--- START ---

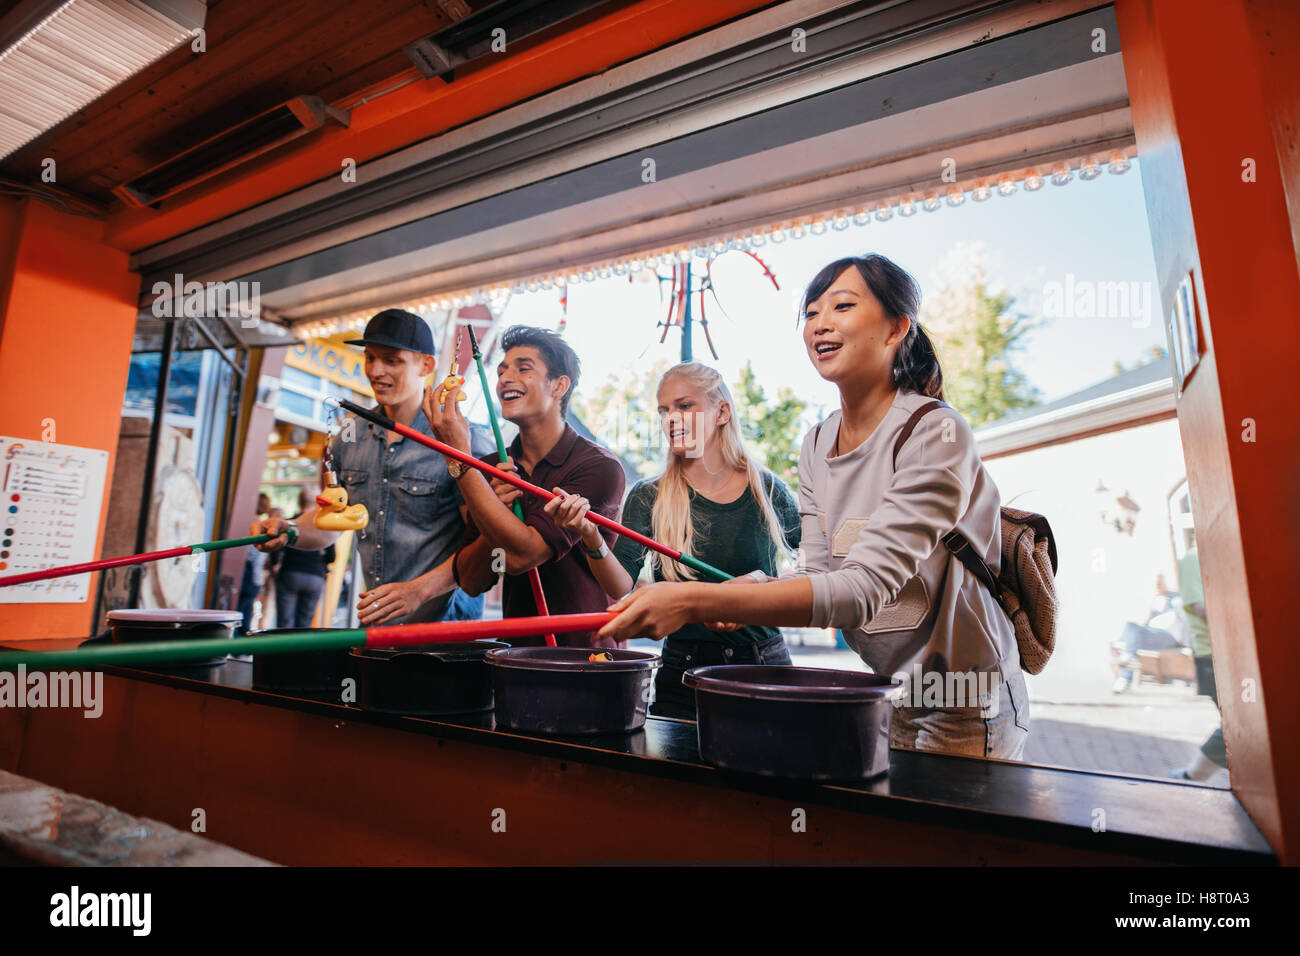 Group of young people having fun with fishing game in amusement park. Multiracial friends playing arcade game. Stock Photo
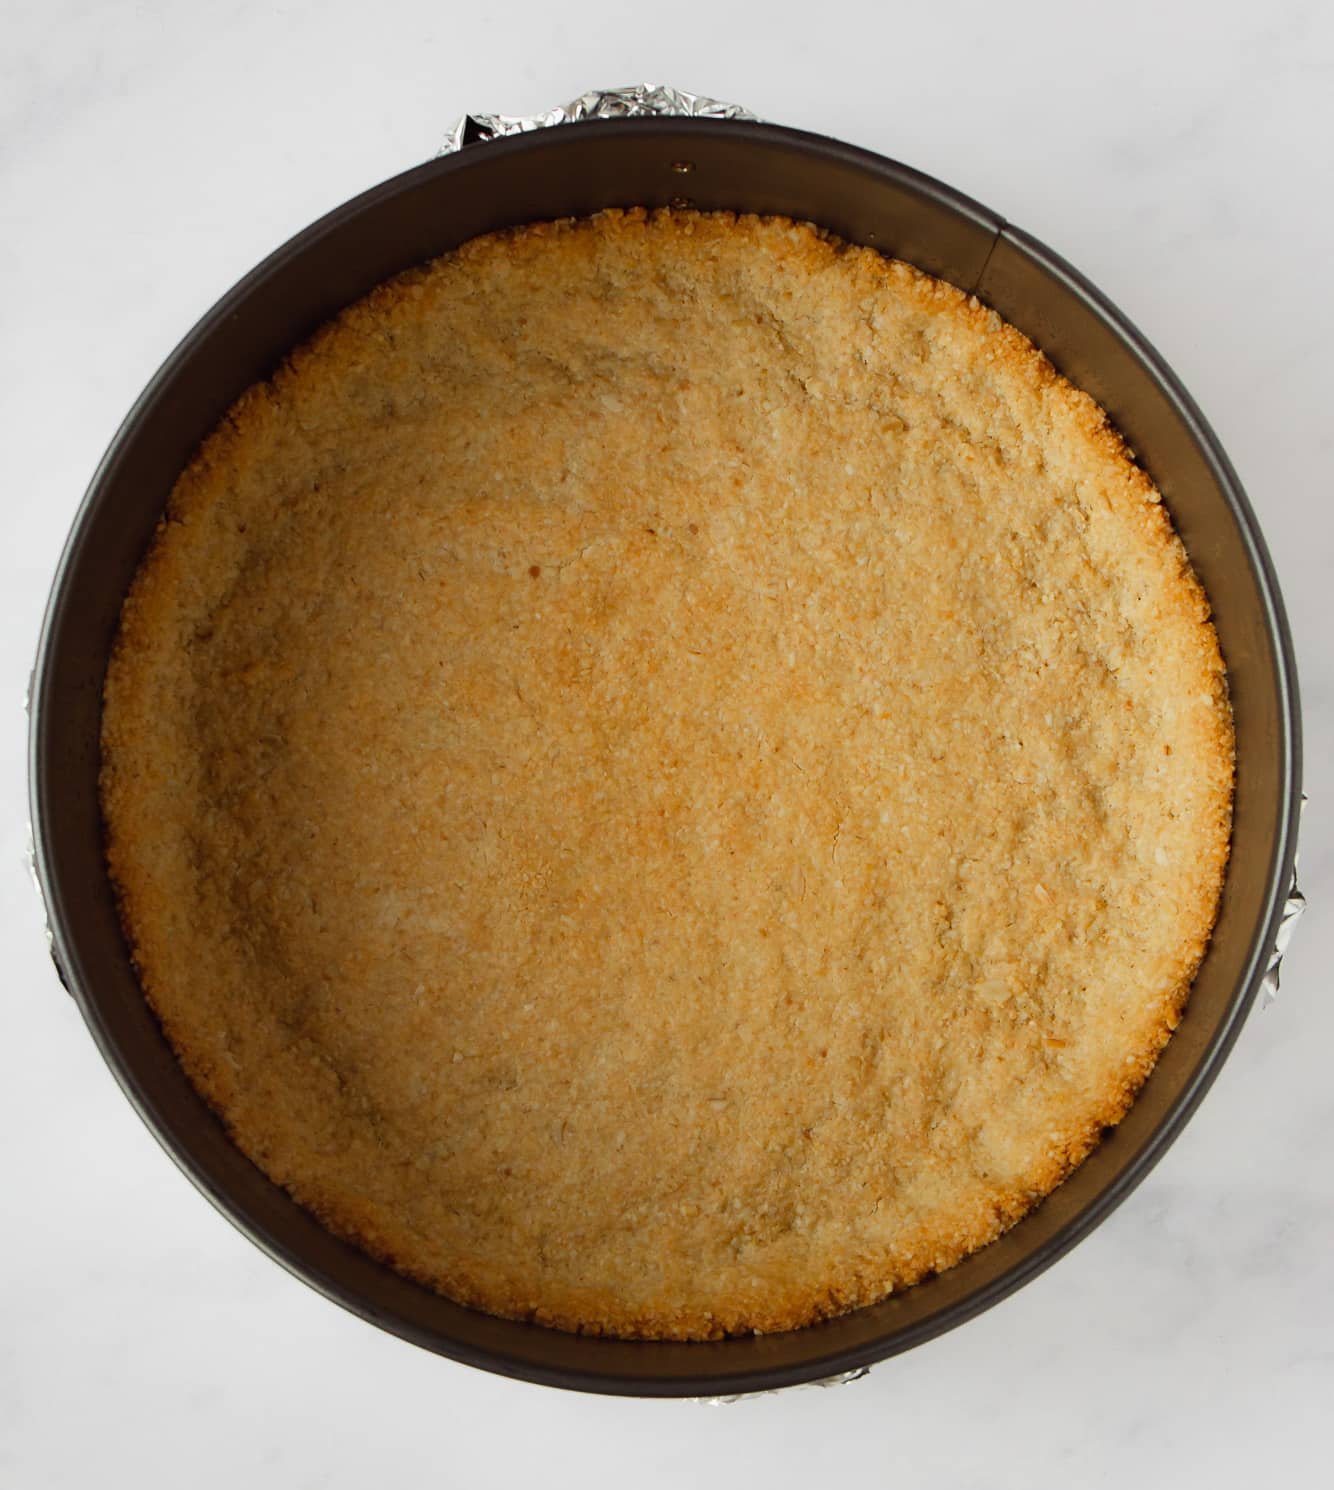 Almond Oat Crust Baked in a Springform Pan.
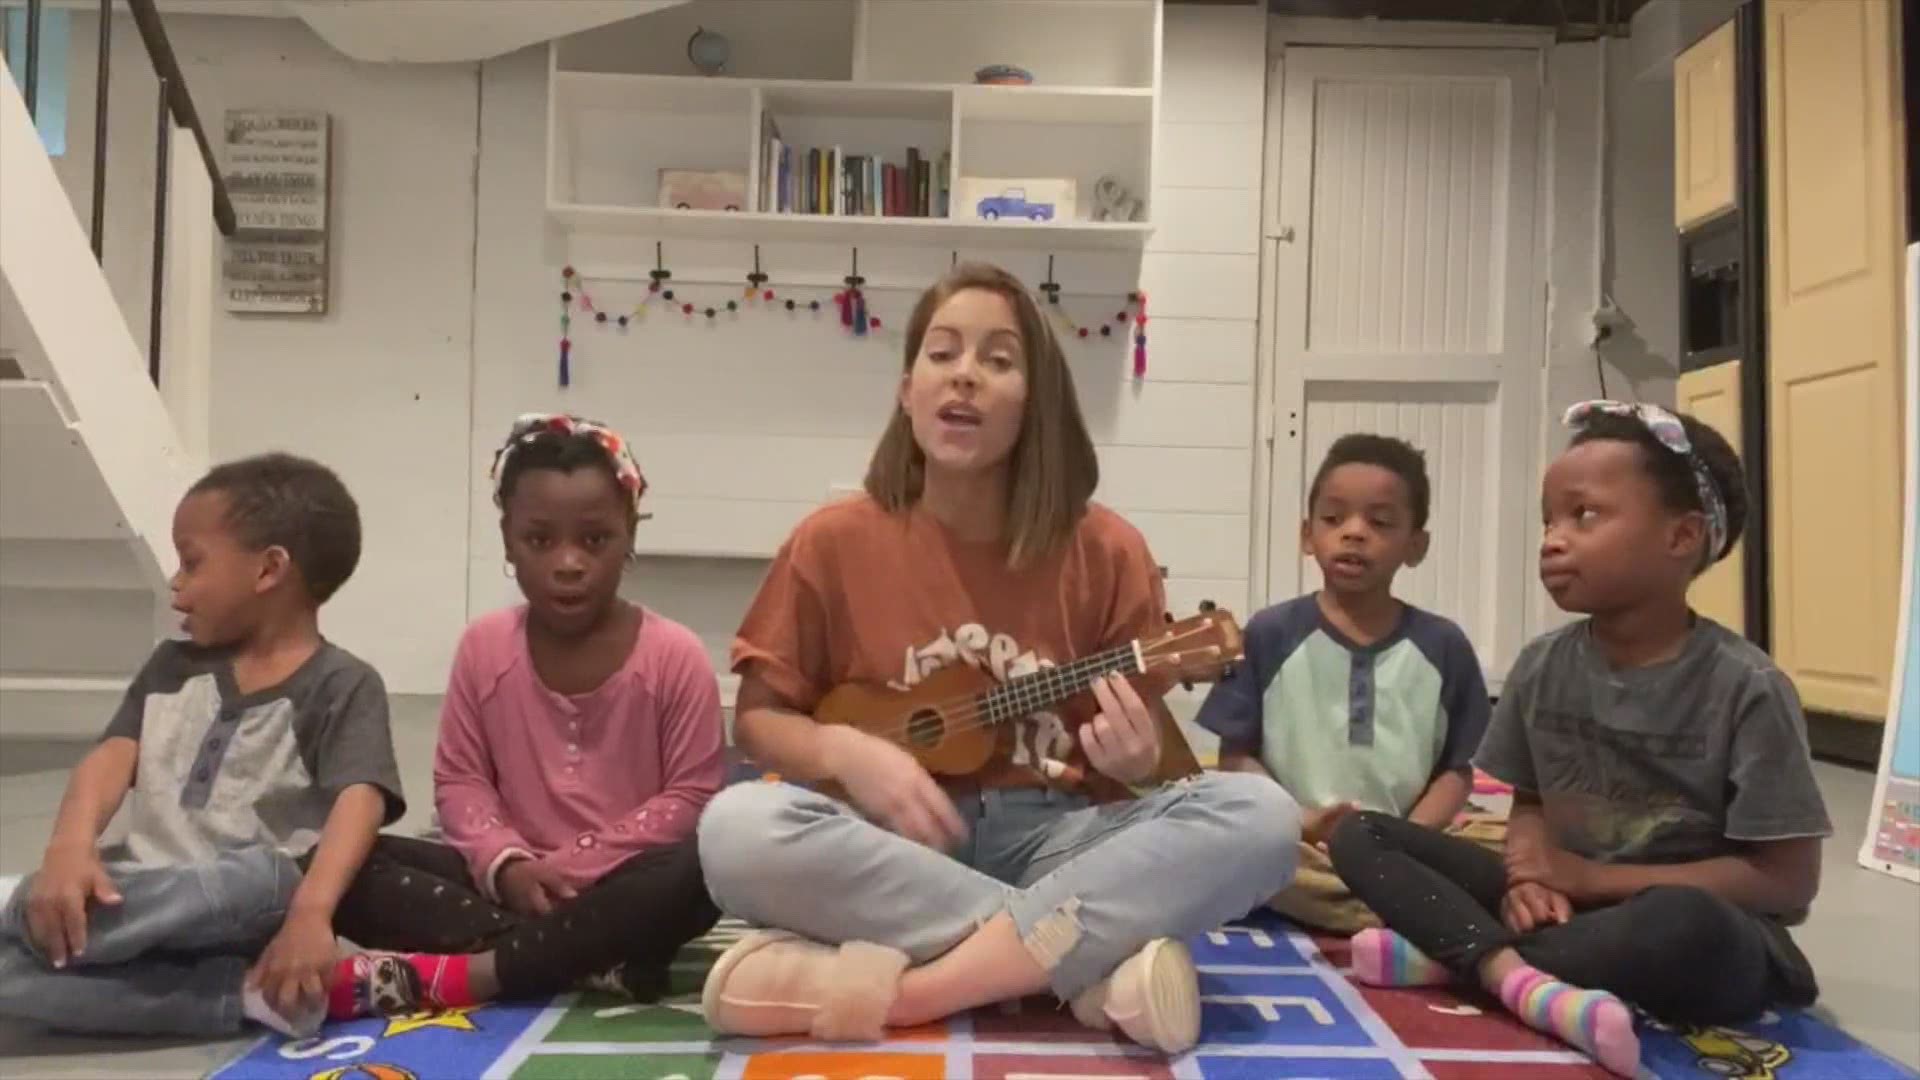 This mom of four is using music and humor to keep her kids learning while they are home from school.

--- END ---

EXERCISE DETAILS: Please retype the material in full, exactly as it reads, apart from the images.

WRITTEN SOLUTION:
 Group of young people having fun with fishing game in amusement park. Multiracial friends playing arcade game. Stock Photo
 Almond Oat Crust Baked in a Springform Pan.
 This mom of four is using music and humor to keep her kids learning while they are home from school.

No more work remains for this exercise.